ECLI:NL:RBDHA:2023:8450

Rechtbank Den Haag

Datum uitspraak
30 mei 2023
Publicatiedatum
12 juni 2023
Zaaknummer
AWB - 22 _ 3597
Instantie
Rechtbank Den Haag
Type
Uitspraak
Procedures
  • Eerste aanleg - enkelvoudig
Vindplaatsen
  • Rechtspraak.nl
AI samenvatting door LexboostAutomatisch gegenereerd

Terechtheid en hoogte van naheffingsaanslag Bpm in geschil na schade aan voertuig

In deze zaak heeft de Rechtbank Den Haag op 30 mei 2023 uitspraak gedaan in een geschil over de naheffingsaanslag belasting van personenauto's en motorrijwielen (Bpm) die aan eiser is opgelegd door de inspecteur van de Belastingdienst. Eiser, vertegenwoordigd door zijn gemachtigde mr. S.M. Bothof, heeft beroep ingesteld tegen de handhaving van de naheffingsaanslag door verweerder, die deze had gehandhaafd bij uitspraak op bezwaar van 19 mei 2022. De rechtbank heeft het onderzoek ter zitting op 15 mei 2023 gehouden, waarbij zowel eiser als verweerder vertegenwoordigd waren.

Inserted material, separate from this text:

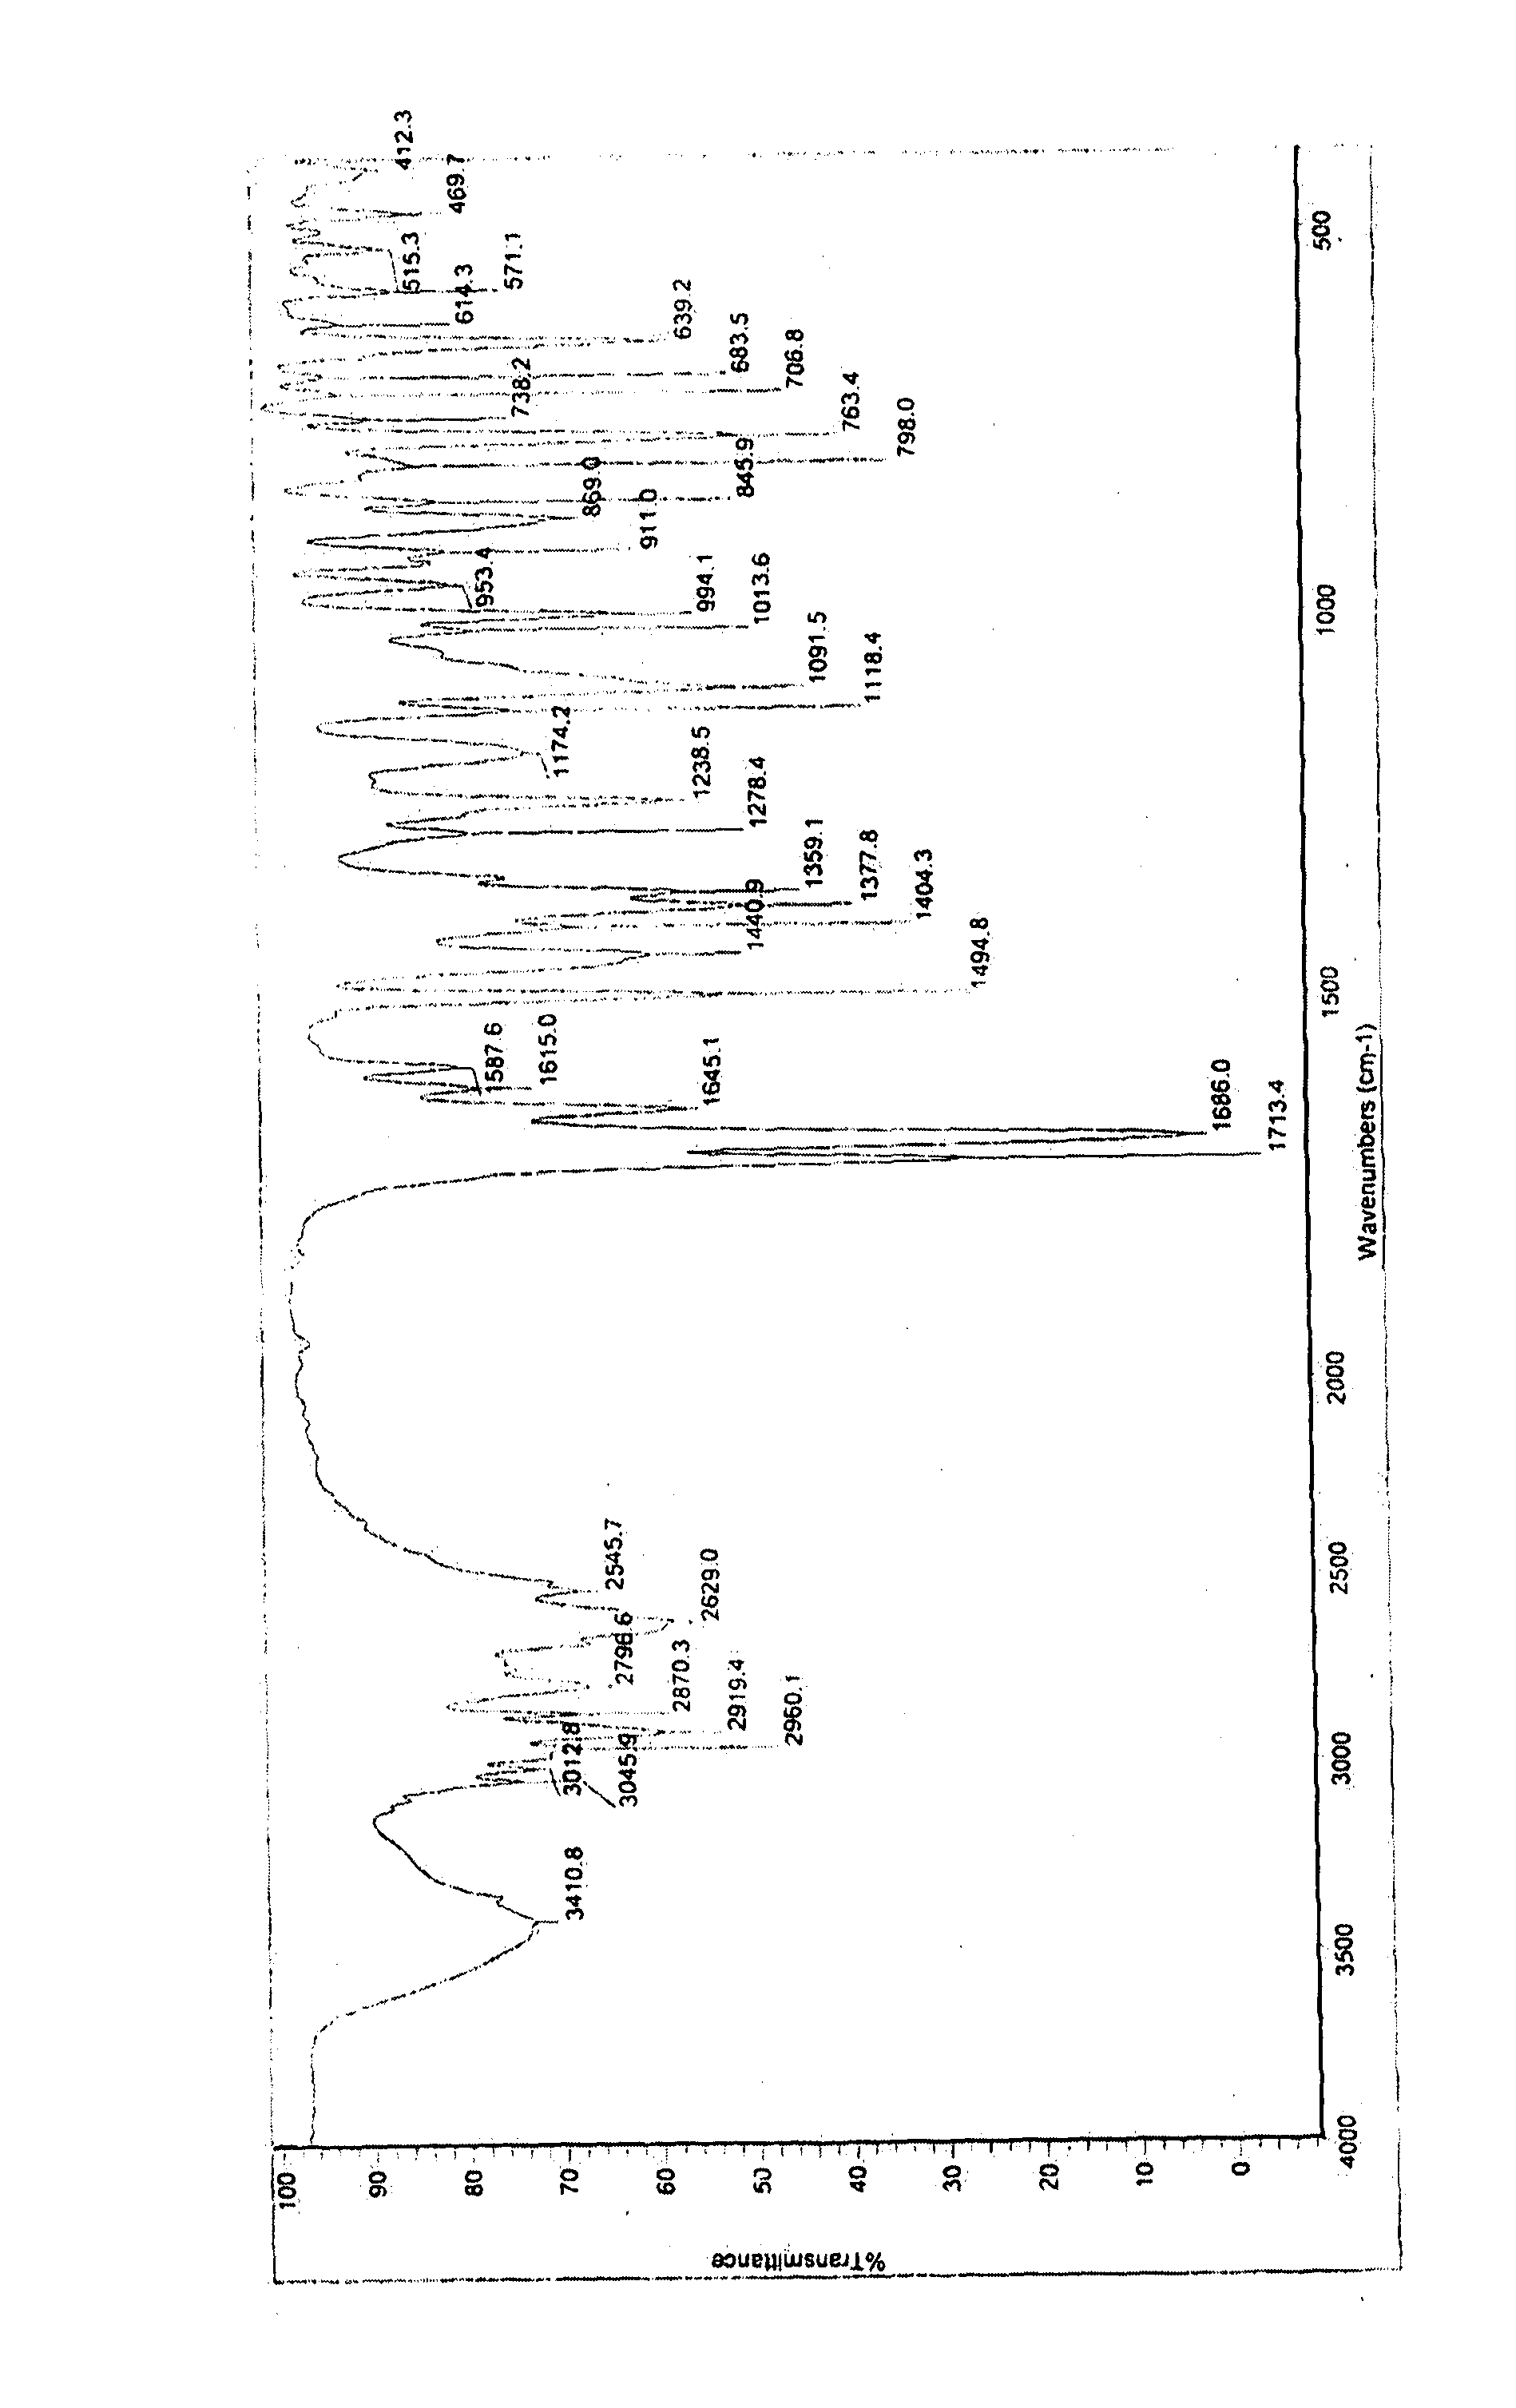 Processes For Preparing Prasugrel And Pharmaceutically Acceptable Salts Thereof

De kern van het geschil betreft de vraag of de naheffingsaanslag terecht en tot het juiste bedrag is opgelegd. Eiser betwist de hoogte van de naheffingsaanslag en stelt dat de waardevermindering van de auto als gevolg van schade hoger is dan door verweerder is vastgesteld. Verweerder heeft zich gebaseerd op een taxatierapport van Domeinen Roerende Zaken (DRZ) en heeft een lager schadebedrag in aanmerking genomen dan eiser heeft voorgesteld. De rechtbank heeft overwogen dat eiser niet heeft aangetoond dat de staat van de auto op het moment van aangifte gelijk was aan die op de datum van taxatie, en dat de bewijslast voor de waardevermindering bij eiser ligt.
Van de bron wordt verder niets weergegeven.